Responsibilities for data privacy are not because of business relationships. Even if one of your customer’s purchasing department or legal department doesn’t show concern over how you handle the PII of their employees, laws require you to accept the same data privacy responsibilities for their employees as companies who show greater concern. This is the case even if the customer says otherwise; for example, if a customer says it is OK to use their employees’ PII in a product demo, data privacy laws say it is NOT OK unless it is done legally.
So how can you legally process PII?
If you follow all these requirements, you will satisfy many jurisdictional requirements:
- You must state to the individual:
- what PII you intend to collect about the them
- why your are collecting their PII
- what you will do with their PII (this is also known as the stated purpose)

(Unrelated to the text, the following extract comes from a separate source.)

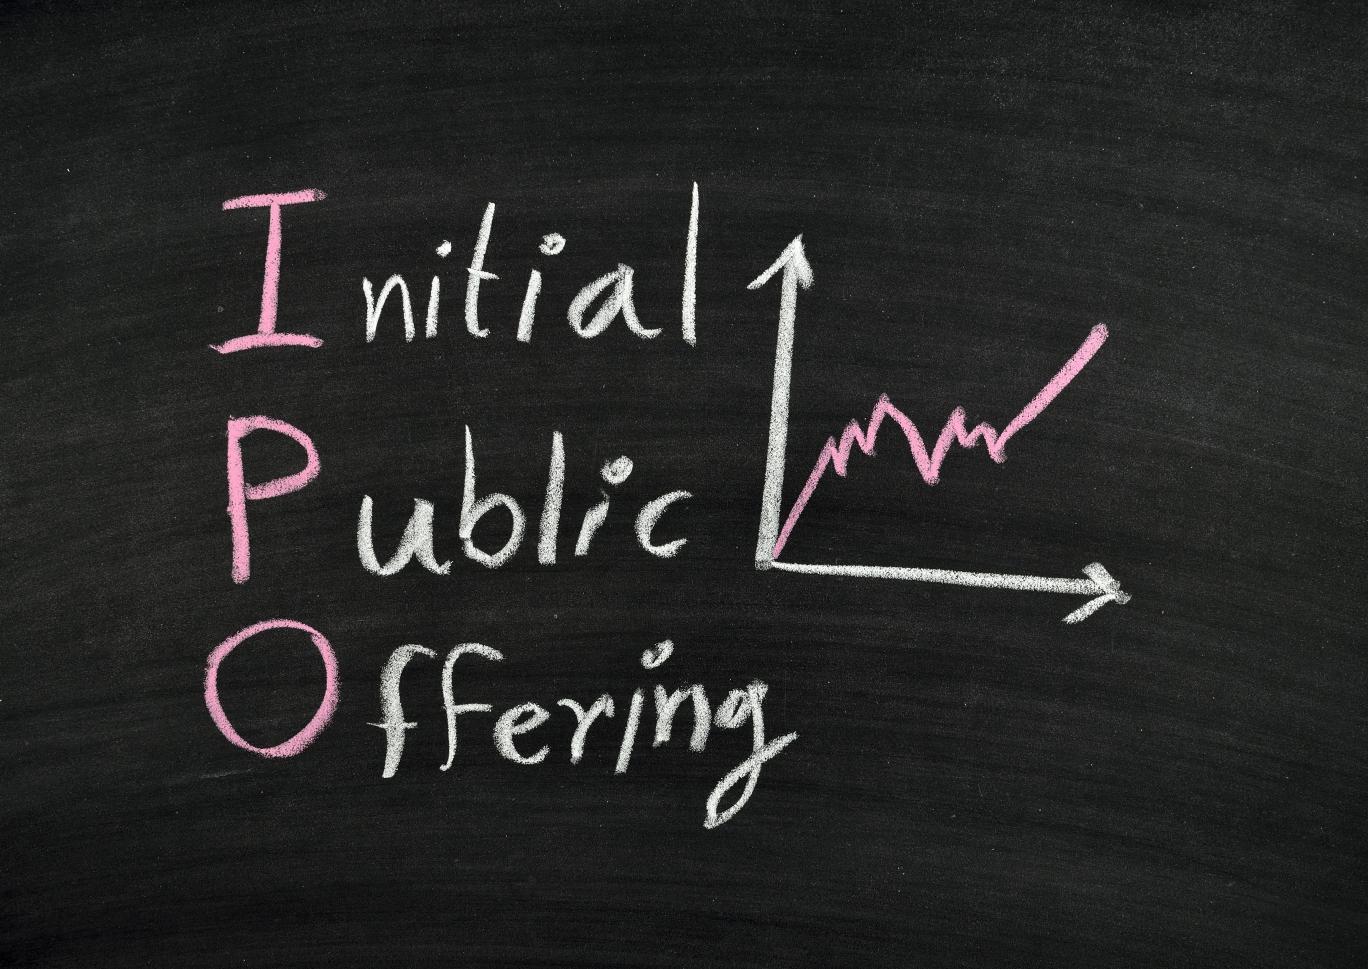 Первичное публичное предложение или IPO, как работает данный инструмент?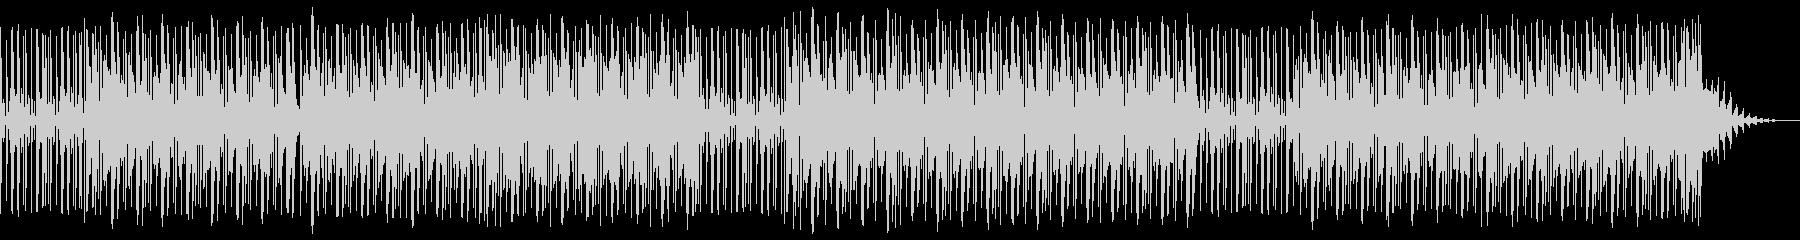 エモーショナルでメロウなヒップホップの未再生の波形

- Before collecting the PII, you must receive explicit consent from the individual to do so; that is, you must assume the individual will not allow the collection, and only collect if they allow it; not the other way around
- Once collected, you and all of your affiliates must process the PII only for the stated purpose
- When the stated purpose has been completed, you and your affiliates must delete the PII
- Upon request from the individual, you and your affiliates must correct or delete the PII
- You must encrypt PII in transit (that is, when it is transferred)
- If the PII is sensitive, you must also encrypt it at rest (that is, when it is stored)
Some jurisdictions like the EU, Canada, and the state of Massachusetts are particularly concerned about the PII of their citizens, but even more concerned when that PII is transferred outside of their jurisdiction. You usually have to provide citizens from these jurisdictions additional assurances that you will keep their information private after it has crossed their jurisdictional boundary.